→ Raw data

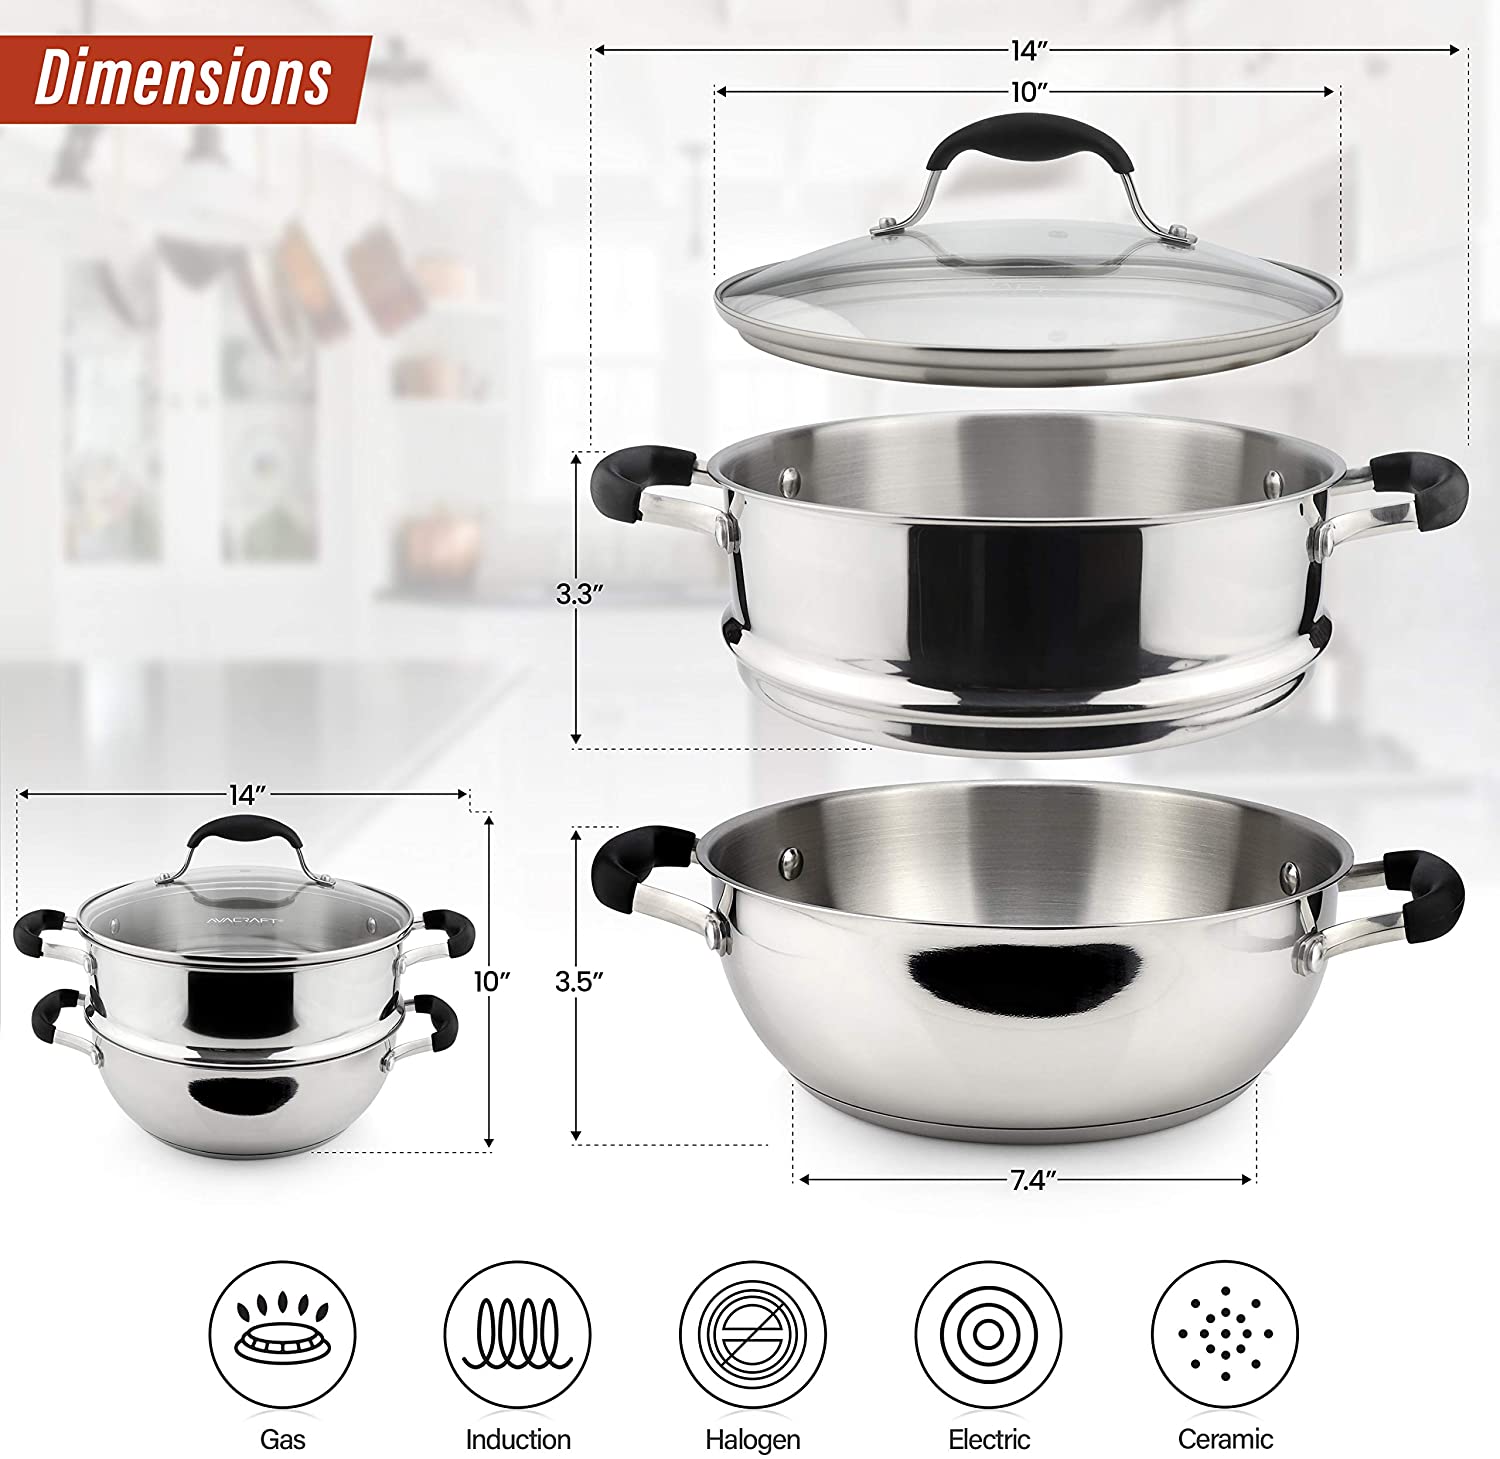 AVACRAFT 18/10, 3 Piece Stainless Steel Steamer Cooking Pot Set, Steamer for Cooking, Everyday Pan, Steamer Pan Set, with Glass Lid, Induction Cooktop
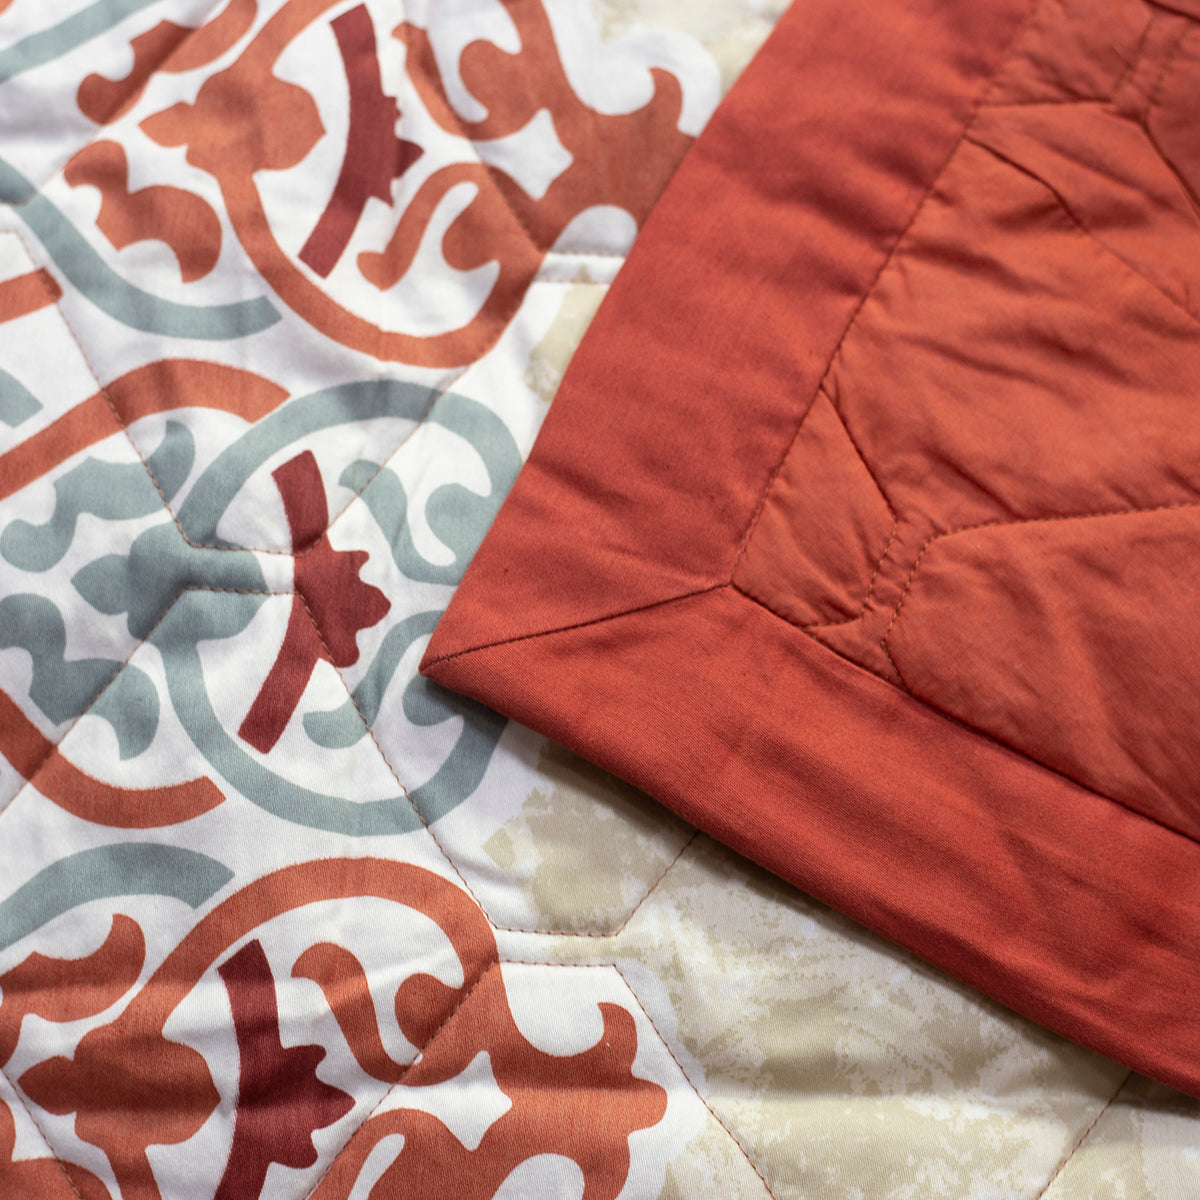 Nouveau Tradition Kaleen Global Red Quilt
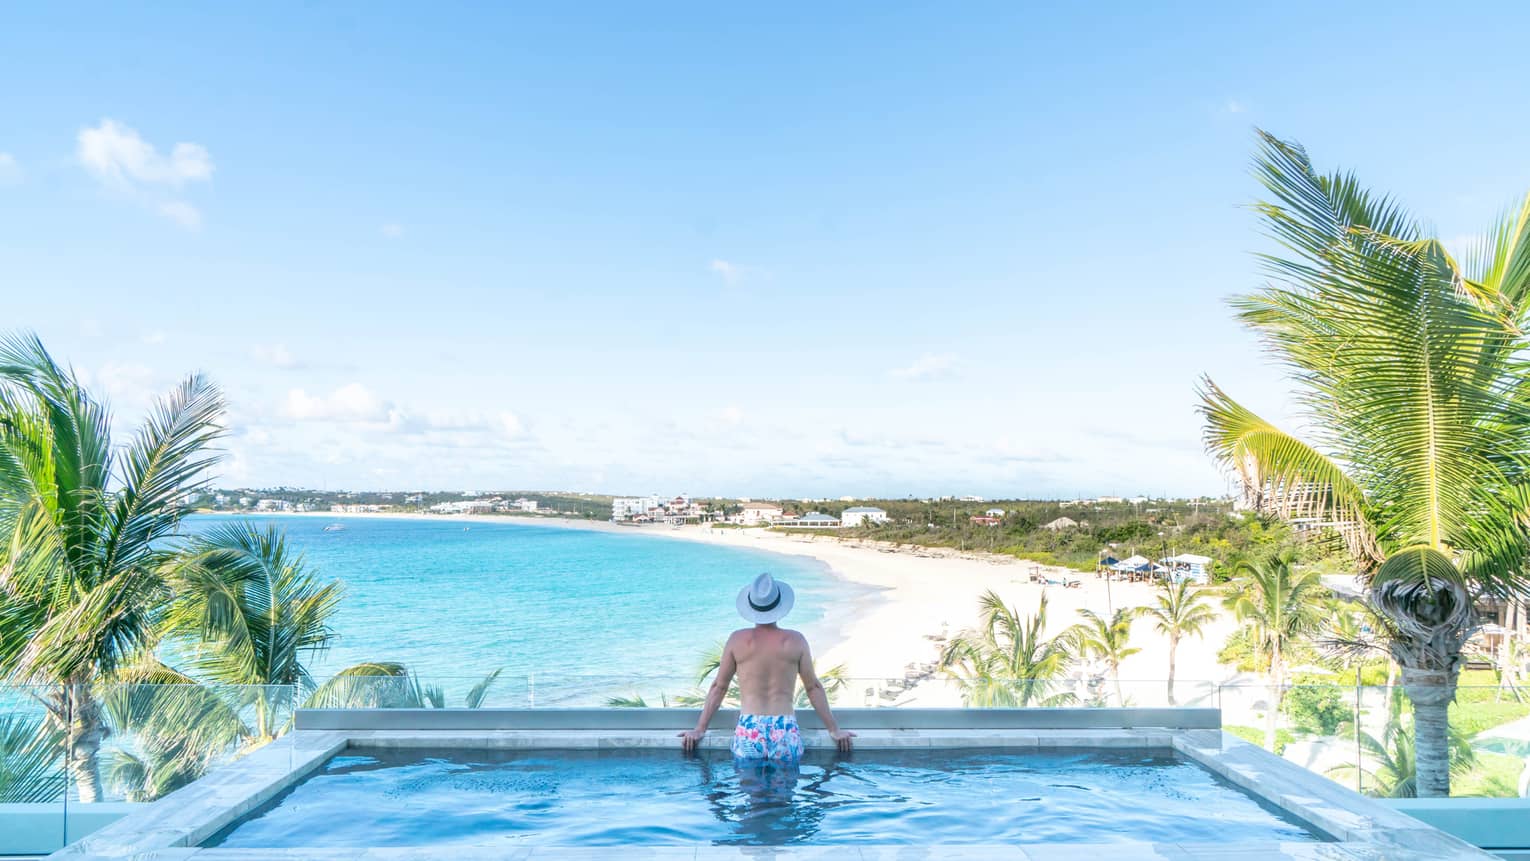 A man sitting at the edge of a pool looking across the ocean.

→ About this task
Pictures are to be excluded; all other material must be transcribed exactly.

→ Solution for this problem
 AVACRAFT 18/10, 3 Piece Stainless Steel Steamer Cooking Pot Set, Steamer for Cooking, Everyday Pan, Steamer Pan Set, with Glass Lid, Induction Cooktop
 Nouveau Tradition Kaleen Global Red Quilt
 A man sitting at the edge of a pool looking across the ocean.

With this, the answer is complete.